Майор вновь пошевелил пальцами.
– Прощайте, гауптман. Славно повоевали.
Длинные тени ложились на землю. Изувеченные тополя шелестели остатками листьев. Тополя, как люди,– мужественные, упрямые. Обгорелые, израненные, они не сдавались. И солнце, словно мальчишка, облюбовавший соседскую яблоню, жадно поглядывало на них из-за фиолетового забора.
Комбат тихо радовался. Еще полчаса, и батальон—за рекой. Всего полчаса! А там лесок, там легче, там батальон пробьется, обязательно пробьется к своим,
Вилька сказал:
– Местечко хорошенькое, не я буду. Болотце классное, в затылок не хлопнут, так что, мальчики, получайте все по фотографии.
– Лошак ты, Вилька!
– Местечко называется «Пиши завещание».
Немцы сломили сопротивление. Остатки батальона кинулись в реку. Вспыхивали ракеты, озаряя прибрежный ивняк. Яркий синюшный свет их смахивал на труп солнечного дня.
Все было кончено.
Все было кончено, только вот с остервенением -работал пулемет. Он не подпускал немцев к реке, не давал расправиться с батальоном, переплывающим Ингулец. Пулемет прижимал к земле, осаживал, жалил.
Гауптман сказал фельдфебелю Крамеру:
– Это не приказ. Это просьба. Уймите их. Крамер пополз унимать.
Минут через десять татаканье пулемета разорвали сухие взрывы.
Крамер не возвращался. Молчал и пулемет.
Пулемет молчал до поры до времени. Едва солдаты поднялись, он обрушился на них злобно, свирепо.
Вновь поднялись солдаты. На этот раз пулемет молчал. На этот раз все было кончено, по-настоящему.
Гауптман выполнил приказ. Он сидел на пне и не радовался. У него осталось меньше роты. А было две. И каких солдат!
И Крамера нет. Фельдфебель лежал, выпучив глаза, под грязным русоволосым крепышом, совсем еще мальчиком. В боку мальчишки торчал ножевой штык. А Крамер показывал всем любопытным изорванное черное горло.

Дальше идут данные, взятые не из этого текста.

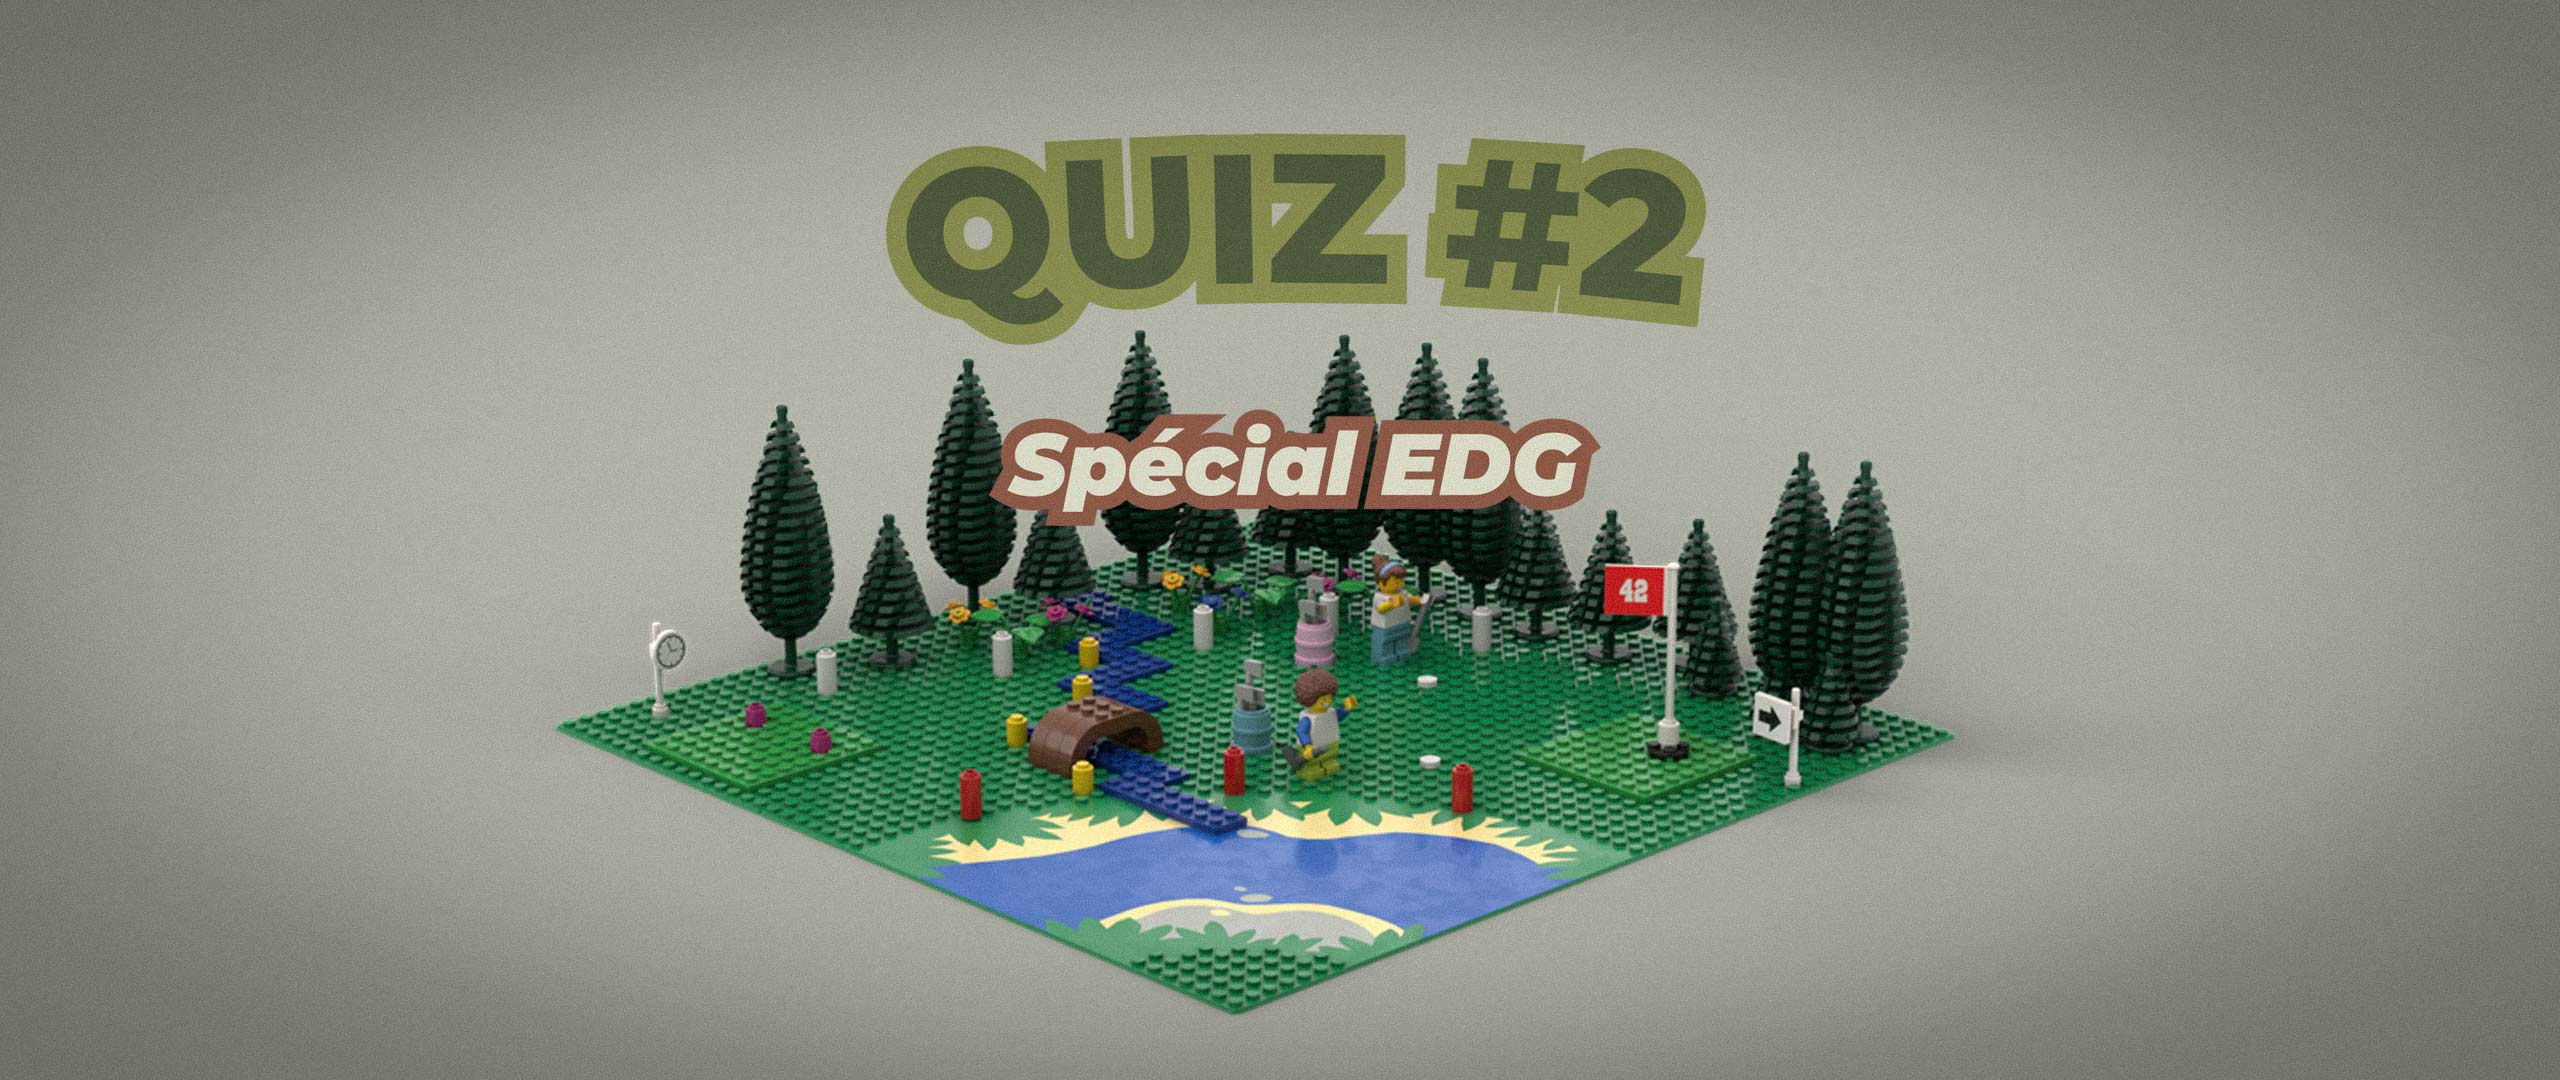 Golf O Quizz Edg 2021 Quiz 2 Header

Молодой офицер тяжело поднялся, подошел к разбитому пулемету. Возле него, уткнувшись лицом в траву, лежал оборванец. На спине его чернело кровавое пятно, трава вокруг полегла. Вцепившись в ручки «максима», уронив голову на плечо, молчал черноволосый солдат. Казалось, он на минутку заснул, а как придет в себя – рубанет очередью. Рядом – грязные окровавленные бинты.
Гауптман пнул солдата ногой, и тот опрокинулся на спину, показав страшную дыру вместо глаза.
– М-м-м!..– застонал мертвец.
Вздрогнув, гауптман попятился, солдаты, толпившиеся возле него,– тоже.
Стонал не мертвец. Стонал тот, что рядом – худой и узкоплечий. Вот он с трудом поднял голову, заросшую грязно-желтыми волосами, и уставил на гауптмана мутные от боли глаза.
– Хенде хох...—Он вроде бы спрашивал разрешения – тихо, чуть слышно.
Гауптман не отреагировал, только махнул рукой, словно отгоняя назойливую муху.
– Хенде хох,– вновь еле прошевелил губами русский и вытащил из-под себя немецкую гранату.
Взрыв разметал солдат. Но —ирония судьбы!– гауптмана лишь сшибло с ног, а русский и вовсе не пострадал. Он пристально смотрел на красивого офицера. В его глазах гауптман прочел многое: ненависть, злобу» обиду и даже, как показалось ему, сожаление. Гауптман схватился за левый бок, вырвал из кобуры пистолет и суматошно, охваченный паникой, не целясь, выпустил всю обойму.
Русский тихо опустил голову.
...Небольшой лесок на левом берегу Ингульца укрыл батальон.
Комбат распорядился выжать обмундирование. Затем приказал выстроиться в две шеренги.
– ...Тринадцатый неполный!—откликнулся последним хриплый тенорок.
– Так,– констатировал старшина, расправляя под портупеей липнущую к телу гимнастерку.—Вырвались, стало быть. Вырвался батальон! Раненые – два шага вперед.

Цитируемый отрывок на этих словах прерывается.